Longtemps, Kemal Kilicdaroglu a peiné à s’imposer comme une alternative crédible à Recep Tayyip Erdogan. “Force tranquille” autoproclamée, le leader du parti kémaliste CHP était jugé mou, terne, sans relief face à la combativité et l’agressive éloquence du président turc.

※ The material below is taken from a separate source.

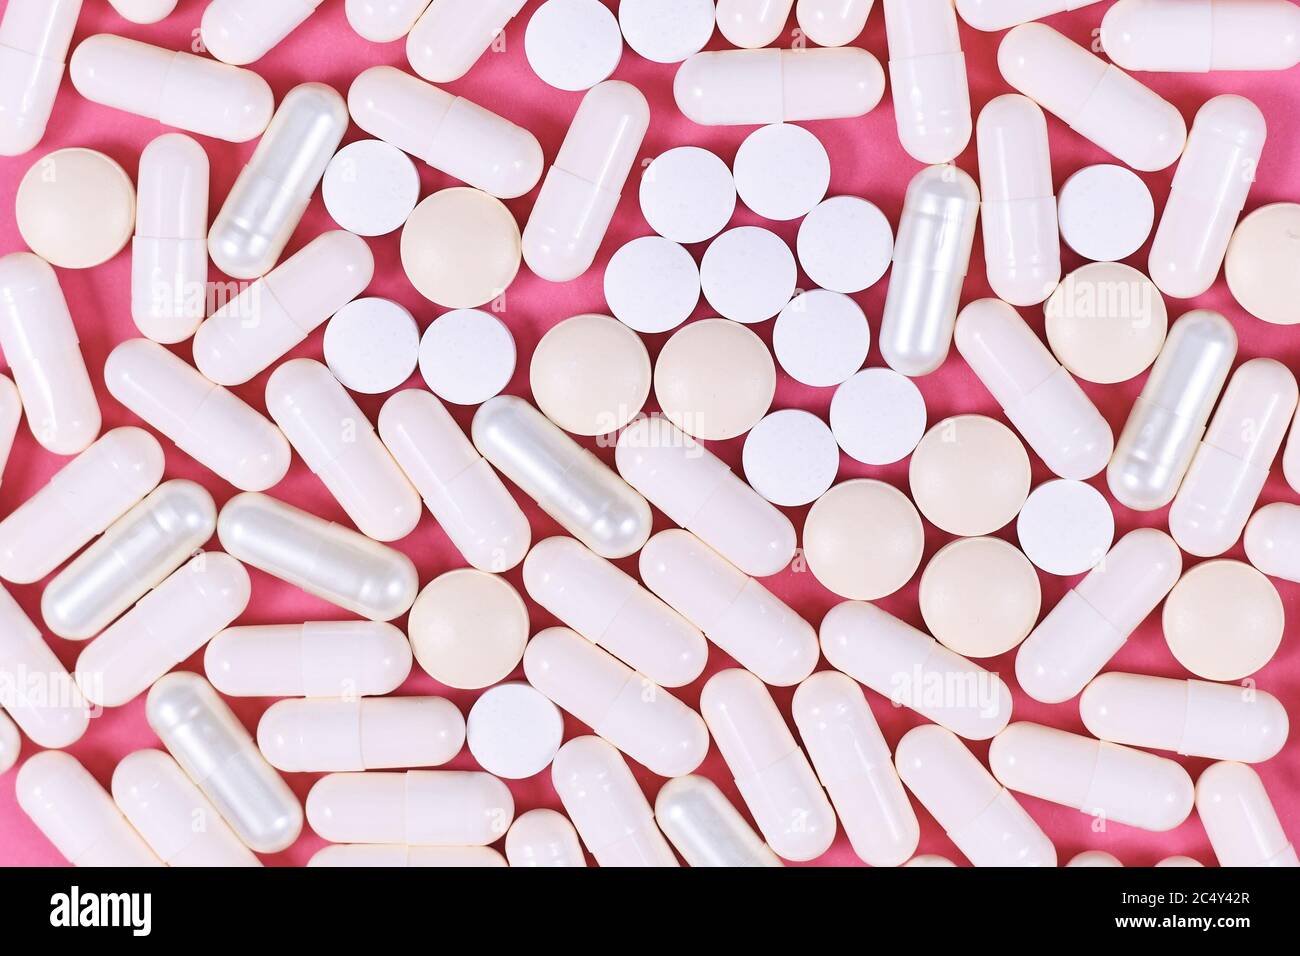 Weiße Kapsuel und harte Pillen auf rosa Hintergrund Stockfoto
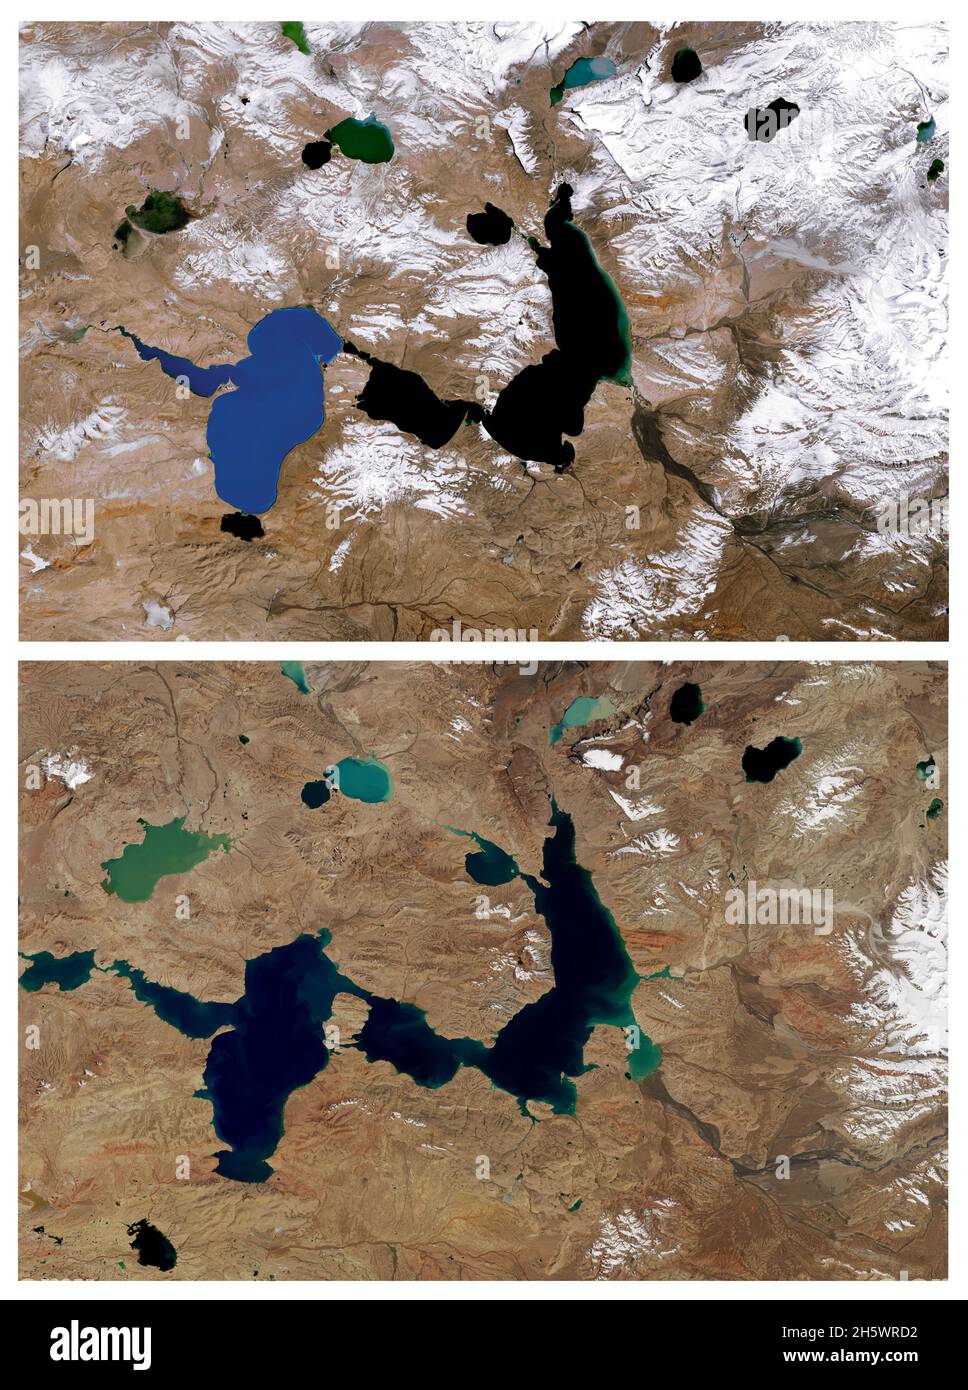 Klimawandel: Schrumpfende Gletscher und wachsende Seen. Diese Bilder von Seen westlich des Tanggula-Gebirges, einem kleinen Bereich im zentralen Teil des tibetischen Hochplateaus, bieten einen Blick auf Veränderungen, die zum Teil durch den Rückzug der Gletscher verursacht wurden. Das erste Bild wurde im Oktober 1987 aufgenommen, das zweite Bild zeigt das gleiche Gebiet im Oktober 2021. Die beiden größten Seen - Chibzhang Co und Dorsoidong Co, sind größer geworden, da die Berggletscher geschrumpft sind. Die Vorderkante der Gletscher hat sich deutlich zurückgezogen. Eine hochauflösende und verbesserte Zusammenstellung von ursprünglichen Landsat5- und Landsat8-Bildern. Kredit NASA Stockfoto

Kemal Kilicdaroglu, candidat “normal”
Le manque de charisme dont ses détracteurs, jusqu’au sein de son propre parti, accusent Kemal Kilicdaroglu, ne l’a pourtant pas empêché d’être un habile manœuvrier politique. Il a d’abord réussi à créer, et maintenir en dépit des rivalités internes, une coalition de six partis d’opposition, la “Table des Six”, et à bénéficier du soutien d’Ekrem Imamoglu et de Mansur Yavas, les populaires maires d’Istanbul et d’Ankara. Il a su également créer un contraste saisissant avec un rival à la rhétorique tour à tour violente et fataliste, obsédé par la gloire perdue de l’Empire ottoman et lui-même aux prises avec une folie des grandeurs symbolisée par son fameux palais présidentiel de 1 000 m² à Ankara. Dans un contexte de crises multiples et d’inflation galopante, Kemal Kilicdaroglu a choisi un autre story-telling : filmé dans sa cuisine en Formica en train de discuter de la hausse des prix, Kemal Kilicdaroglu offre aux Turcs un candidat simple et “normal”, qui leur ressemble, attaché à répondre à leurs difficultés quotidiennes.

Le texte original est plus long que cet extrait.